Любовная связь при наличии общей жилплощади

Выпуск №4 - 114/2008, Гость редакции

Любовная связь при наличии общей жилплощади

Вместо вступления предлагаю зарисовку с натуры. «Золотая Маска» в разгаре. У входа в зрительный зал стоит толпа жаждущих попасть на спектакль под интригующим названием «Демон. Вид сверху». Свободное место только одно. Правда, на нем лежит дамская сумочка и владелица категорически не хочет ее убирать, несмотря на все доводы режиссера, вступившего с ней в переговоры: я купила билет, что хочу, то и делаю. В конце концов, режиссер вынимает бумажник, дама убирает сумочку и освободившееся место занимает сияющая счастливица. Остальные цепочкой двигаются на колосники. Смотреть на «Демона» сверху. Фестивальные страсти минувшего сезона уже улеглись. Спектакль Дмитрия КРЫМОВА получил более чем заслуженную «Маску», и попасть на него по-прежнему трудно. Что заставляет человека идти в театр? Как складываются взаимоотношения режиссера и публики? Вот с этими вопросами я и пришла к Дмитрию Крымову, чья лаборатория в театре «Школа драматического искусства» считается одной из самых интересных.

— Дмитрий Анатольевич, начну все-таки с «Демона». Если бы он номинировался не в «Новации», а в основном конкурсе...

— Не дали бы точно! Впрочем, и тут могли бы не дать. Мы же на «Маску» третий раз номинируемся.

— Многие считают, что «Новацию» специально придумали для спектаклей, которые с традиционными сравнивать нельзя, вернее — непонятно, как это делать, а не показать вообще — жалко. Вы согласны?

— Пожалуй, да.

— Тогда чем то, что делаете вы, отличается от традиционных спектаклей?
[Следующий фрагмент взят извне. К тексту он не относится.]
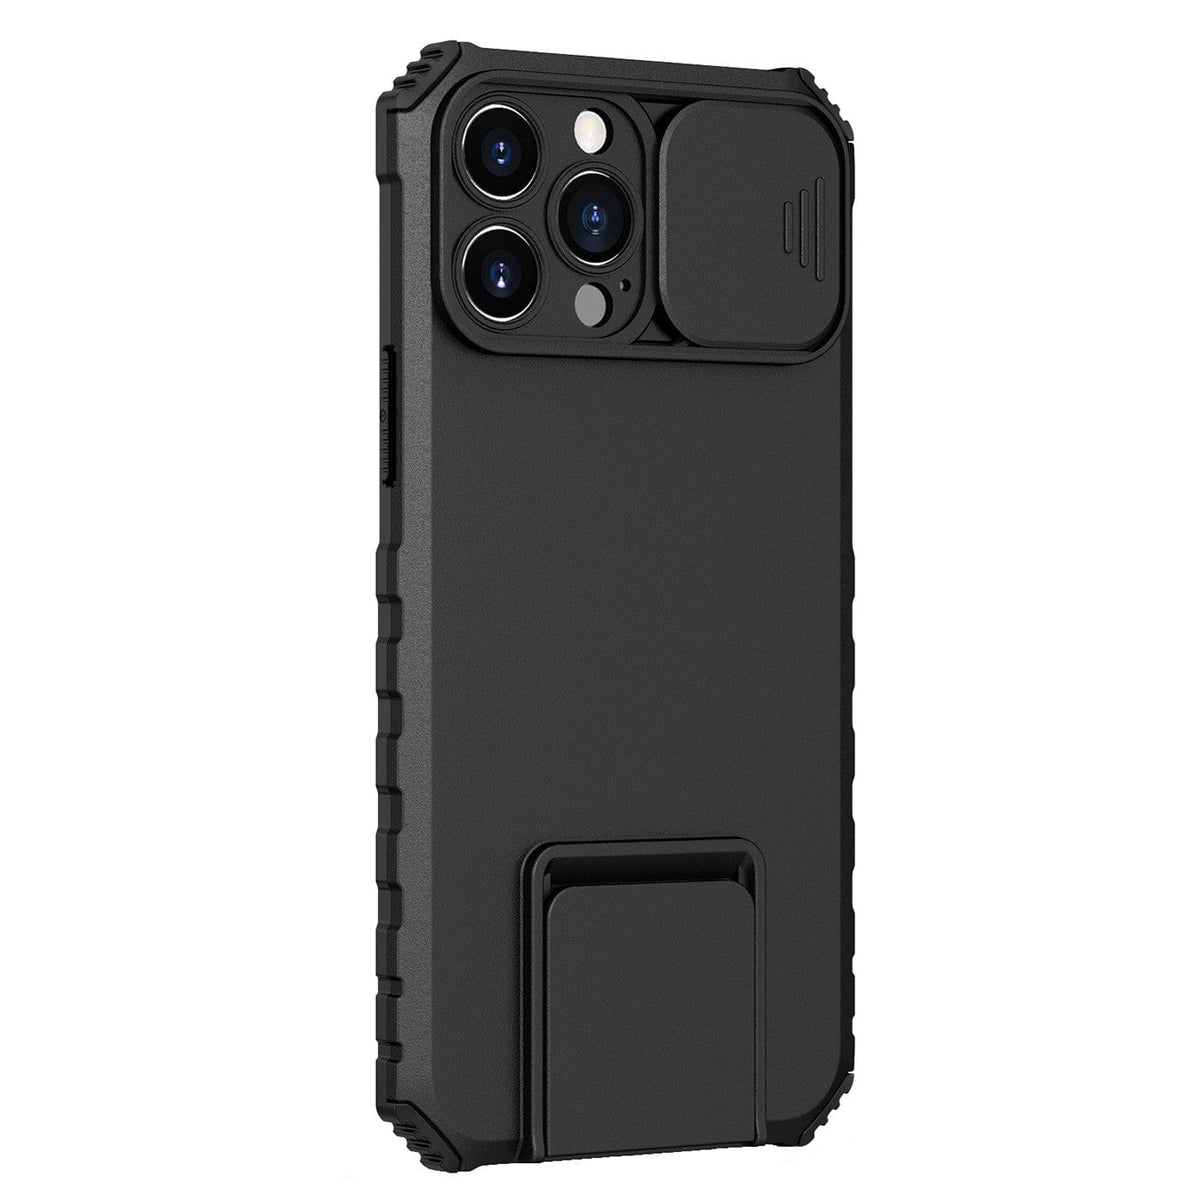 Husa Defender cu Stand pentru iPhone 12 Pro Max, Negru, Suport reglabil, Antisoc, Protectie glisanta pentru camera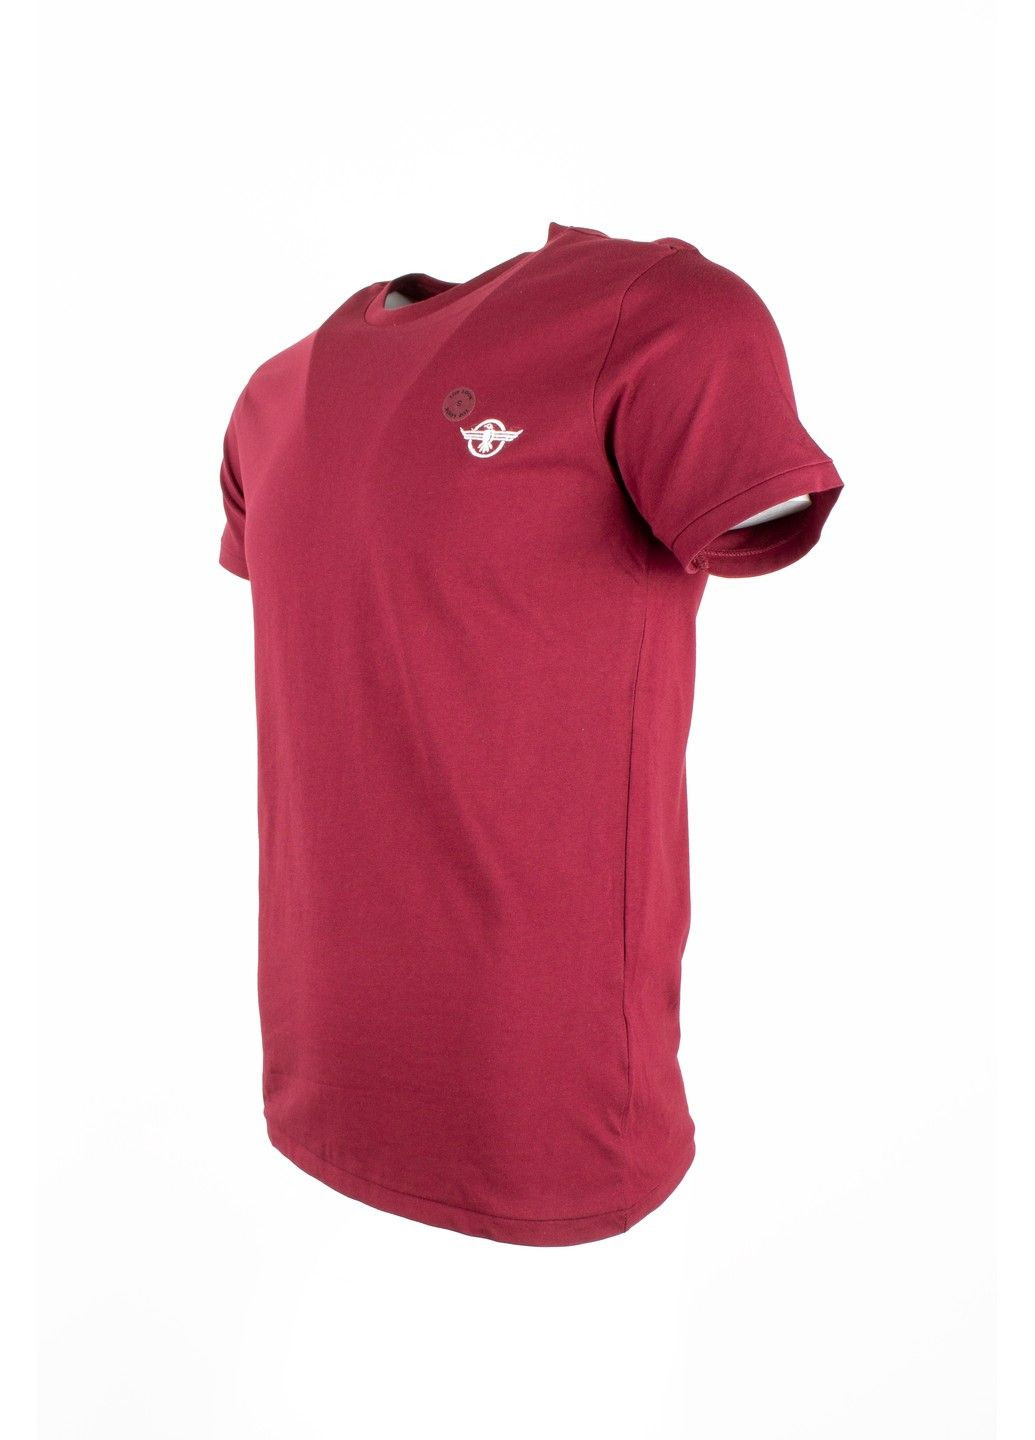 Бордовая футболка мужская top look бордовая 070821-001537 No Brand

— Ничем, абсолютно. Каждый день я прихожу в театр, собираются актеры, мы репетируем. Потом приходят люди, смотрят, что у нас получилось. Одним нравится, другим нет. Все как везде. Вот только у нас буфета нет: спектакли обычно одноактные.

— В «Демоне» почти нет слов. Язык жестов и изображений вы считаете универсальным? Если посадить в этот зал человека, не владеющего русским, у него в душе что-то шевельнется?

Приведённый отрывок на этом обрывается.